= Morphallaxis =

Category of cell regeneration

Morphallaxis is the regeneration of specific tissue in a variety of organisms due to loss or death of the existing tissue. The word comes from the Greek allazein, (αλλάζειν) which means to change.

The classical example of morphallaxis is that of the Cnidarian hydra, where when the animal is severed in two (by actively cutting it with, for example, a surgical knife) the remaining severed sections form two fully functional and independent hydra. The notable feature of morphallaxis is that a large majority of regenerated tissue comes from already-present tissue in the organism. That is, the one severed section of the hydra forms into a smaller version of the original hydra, approximately the same size as the severed section. Hence, there is an "exchange" of tissue.

Morphallaxis is often contrasted with epimorphosis, which is characterized by a much greater relative degree of cellular proliferation. Although cellular differentiation is active in both processes, in morphallaxis the majority of the regeneration comes from reorganization or exchange, while in epimorphosis the majority of the regeneration comes from cellular differentiation. Thus, the two may be distinguished as a measure of degree. Epimorphosis is the regeneration of a part of an organism by proliferation at the cut surface. For example, in Planaria neoblasts help in regeneration.

== History ==
The word comes from the Greek allazein, which means to exchange. The biological process was first discovered in hydra by Abraham Trembley, who was considered the father of environmental zoology. Abraham Trembley was doing research on a sample of pond water and examined the lifestyle of hydra. He couldn’t decide if they belonged to the animal or plant kingdom, so he cut them in half and planned to see whether they died, like animals would, or re-patterned, as plants would. Even though the halves and smaller pieces gave rise to new individuals, he still believed the Hydra to be an animal, since all its features, like movements and feeding behavior, matched with animals. Trembley came to the conclusion that some animals have the ability to regenerate.

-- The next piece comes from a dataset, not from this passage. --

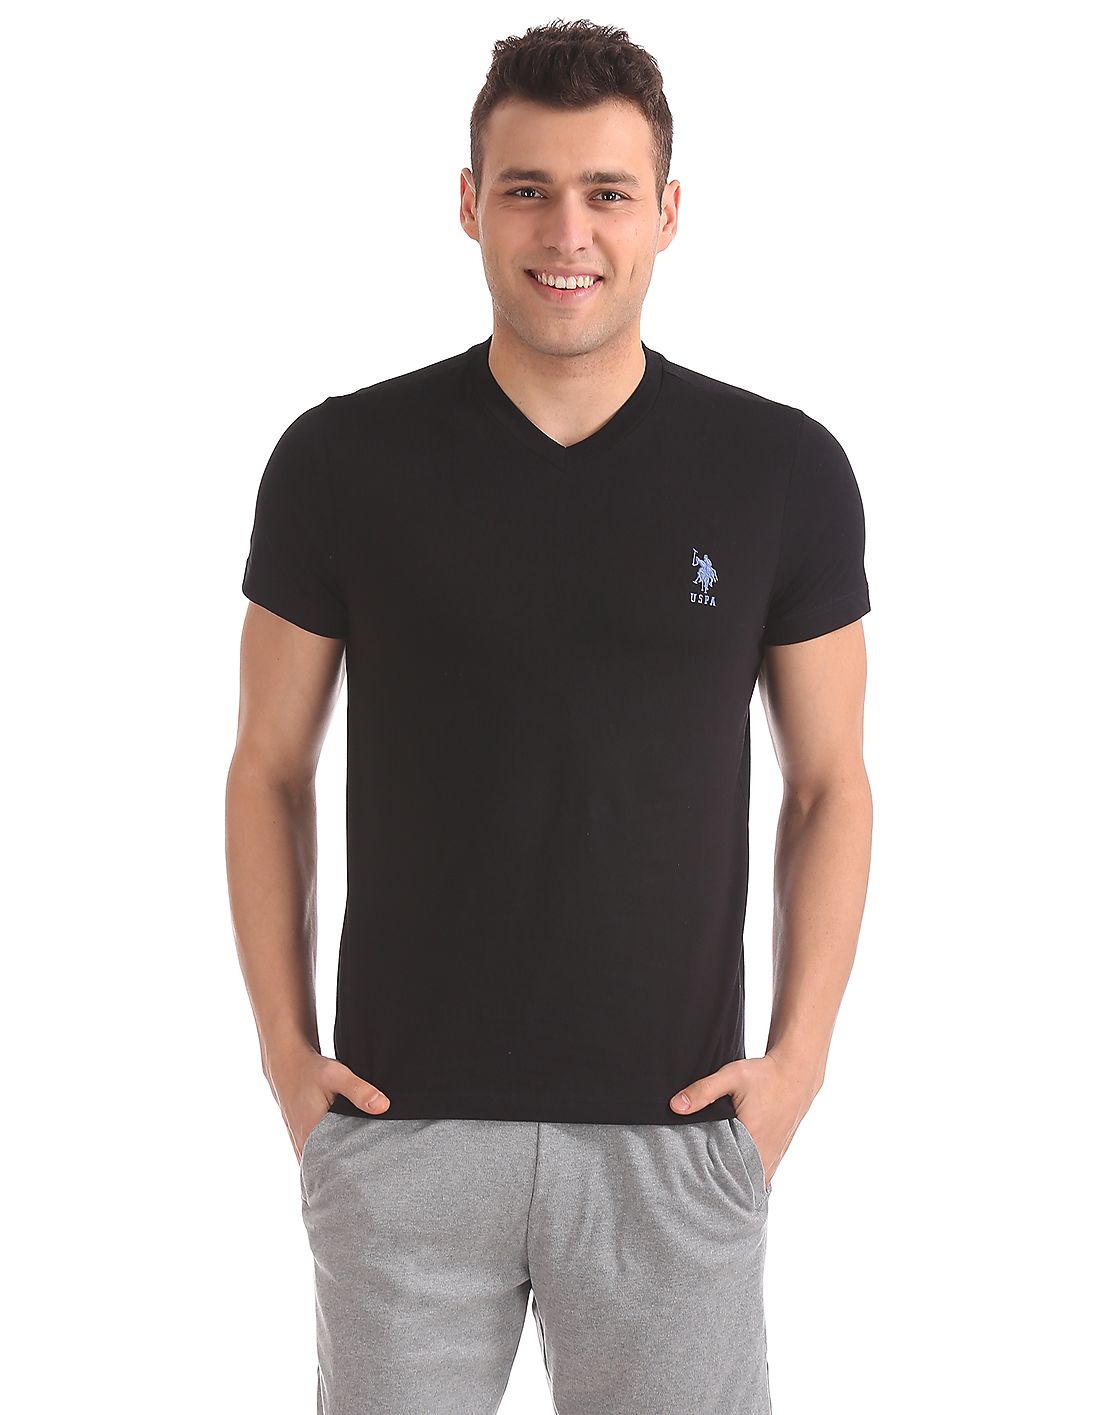 U.S. Polo Assn. Short Sleeve V-Neck T-Shirt Black for men - Stilento

The process and mechanism of planarian regeneration was eventually renamed to 'Morphallaxis' by Thomas Hunt Morgan, the father of experimental genetics.

== Regeneration in Cnidarian hydras ==
Hydras are a group of freshwater Cnidarians that are about 0.5 cm long. A hydra has a short, tubular shaped body. Hydras have a head that consists of a hypostome region and a foot that consists of a basal disc. The head portion of the hydra contains the mouth and tentacles, which allows for the catching and eating of food. The foot portion of the hydra contains the basal disc, which allows for the hydra to stick to rocks and other elements.

When a hydra is cut in half, the head portion can regenerate and form a new foot with the basal disc, and the foot portion can regenerate and form a new head with the hypostome region. If a hydra was severed into smaller pieces, the middle pieces would still form a head and foot at the appropriate regions of the hydra. This results in a smaller hydra that was regenerated by morphallaxis and occurs without cellular division.

== Mechanism ==
The mechanism involved uses regenerative tissue remodeling. This allows new tissue to regenerate, as well as causes organs in the body to redevelop into different proportions.

Hydras contain a series of gradients that controls the formation of the correct head and foot regeneration. The head gradient permits the head to only form in one place, and the foot gradient permits the basal disc to only form in another place. These gradients are driven by the polarity in the hydra. The hypostome in the head region inhibits the formation of another hypostome. This explains why two heads will not form on one hydra.

== Types of regeneration ==
The four types of regeneration are epimorphosis, stem cell–mediated regeneration, morphallaxis, and compensatory regeneration (compensatory hyperplasia).

Epimorphosis occurs when other adult cells in a damaged tissue undergo dedifferentiation and then divide to form an undifferentiated mass of tissue, this new mass encompasses the mass of missing tissue and then re-differentiate to form the replacement tissue. An example of this type of regeneration is salamander limb regeneration.

A second type is morphallaxis, where severed tissue will regrow into a smaller but similar version of the "parent" tissue or organism. The severed tissue does this by repatterning itself through the use of gradients (such as the beta-catenin gradient) so cells can reaggregate and reform the "parent" form. An example of this is a Cnidarian hydra.

A third type is stem cell mediated regeneration, where stem cells permit the regrowth of tissue which has been damaged or lost. A classic example being the continuous replacement of blood cells.

A fourth type of regeneration is compensatory regeneration or Compensatory hyperplasia, where existing tissue will proliferate and regenerate damaged or missing tissue without the use of stem cells or previous adult cells undergoing dedifferentiation before dividing. As such, no mass of undifferentiated tissue forms and each new cell produced is similar to the previous cells. This type of regeneration is characteristic in certain mammalian organs such as the liver.